我们看到，在这里Looper永久循环，只要队列Queue有数据，则回调msg.targer.dispatchMessage(msg)方法，而msg.targer就是Hander，那么我们看下Hander的dispatchMessage源码，

  public void dispatchMessage(@NonNull Message msg) {
        if (msg.callback != null) {
            handleCallback(msg);
        } else {
            if (mCallback != null) {
                if (mCallback.handleMessage(msg)) {
                    return;
                }
            }
            handleMessage(msg);
        }
    }

可以看到如果我们在在Message中有callback，则调用handlerCallback(msg)方法，如果在我们第二步中Handler初始化设置了Callback，则Callback回调handleMessage(msg)方法，否则默认就走

handlerMessage(msg)方法。这样我们可以总结下，其实Loop.loop()方法就是让在对应线程建立的Loop，不断的循环等待队列的数据，只要有数据，就给Handler回调回Message数据，所以我们接下来要看的就是队列的数据是怎么来的。

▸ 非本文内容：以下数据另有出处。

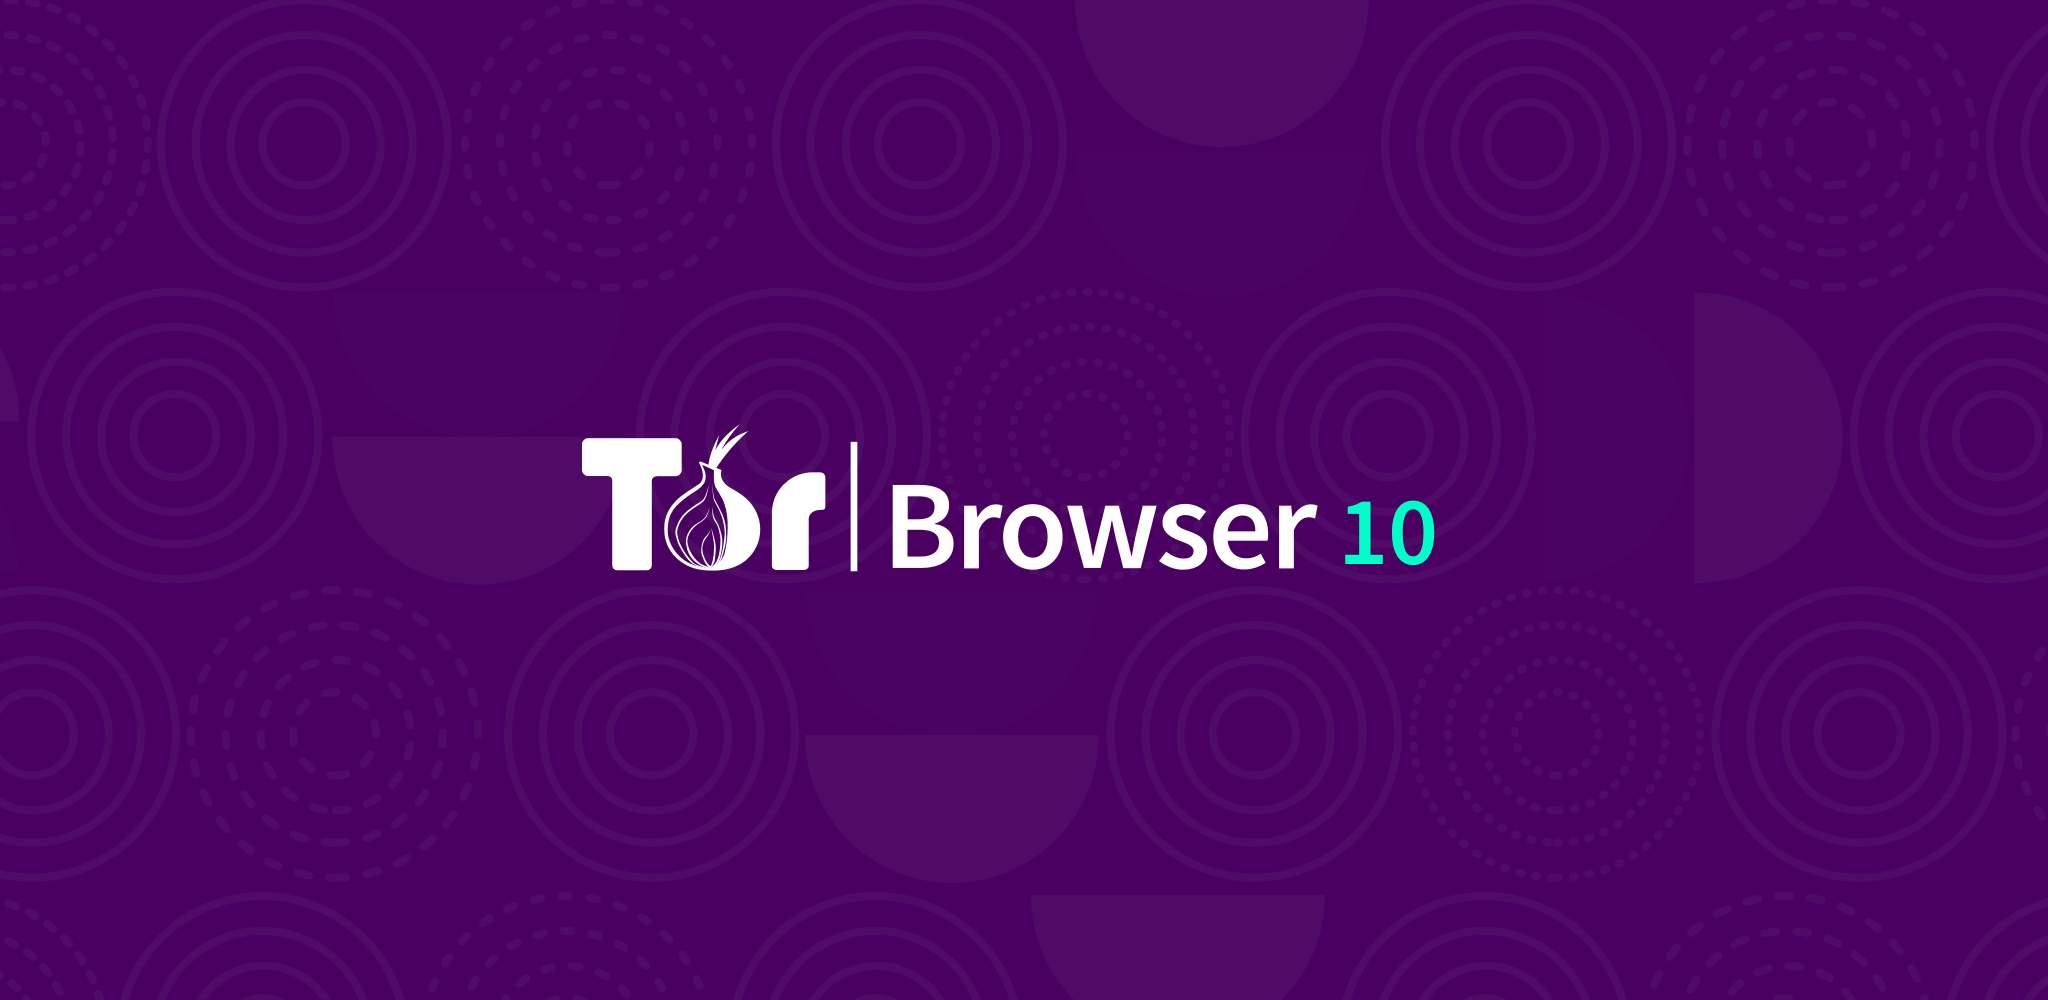 Тор 15 браузеров гидра скачать tornado browser tor на компьютер hyrda

4.我们看下在另一个线程中通过Handler传递消息

   new Thread(new Runnable() {
            @Override
            public void run() {
                Message message = Message.obtain();
                message.what = 200;
                mHandler.sendMessageDelayed(message, 1000);
            }
        }).start();

我们看下sendMessageDelayed的源码

  public final boolean sendMessageDelayed(@NonNull Message msg, long delayMillis) {
        if (delayMillis < 0) {
            delayMillis = 0;
        }
        return sendMessageAtTime(msg, SystemClock.uptimeMillis() + delayMillis);
    }

ublic boolean sendMessageAtTime(@NonNull Message msg, long uptimeMillis) {
        MessageQueue queue = mQueue;
        if (queue == null) {
            RuntimeException e = new RuntimeException(
                    this + " sendMessageAtTime() called with no mQueue");
            Log.w("Looper", e.getMessage(), e);
            return false;
        }
        return enqueueMessage(queue, msg, uptimeMillis);
    }

  private boolean enqueueMessage(@NonNull MessageQueue queue, @NonNull Message msg,
            long uptimeMillis) {
        msg.target = this;
        msg.workSourceUid = ThreadLocalWorkSource.getUid();

        if (mAsynchronous) {
            msg.setAsynchronous(true);
        }
        return queue.enqueueMessage(msg, uptimeMillis);
    }

我们可以看到Handler在传递Message的过程中，最终就是通过方法queue.enqueueMessage(msg, uptimeMillis)加入到了队列中去，加入后，触发第三步中Looper调用queue.next()读取数据。这样Handler从发送Message，到Message进入Queue，再到Looper循环读取Queue中的Message，最后Handler中的dispatchMessage就收到了从各个线程传来的Message。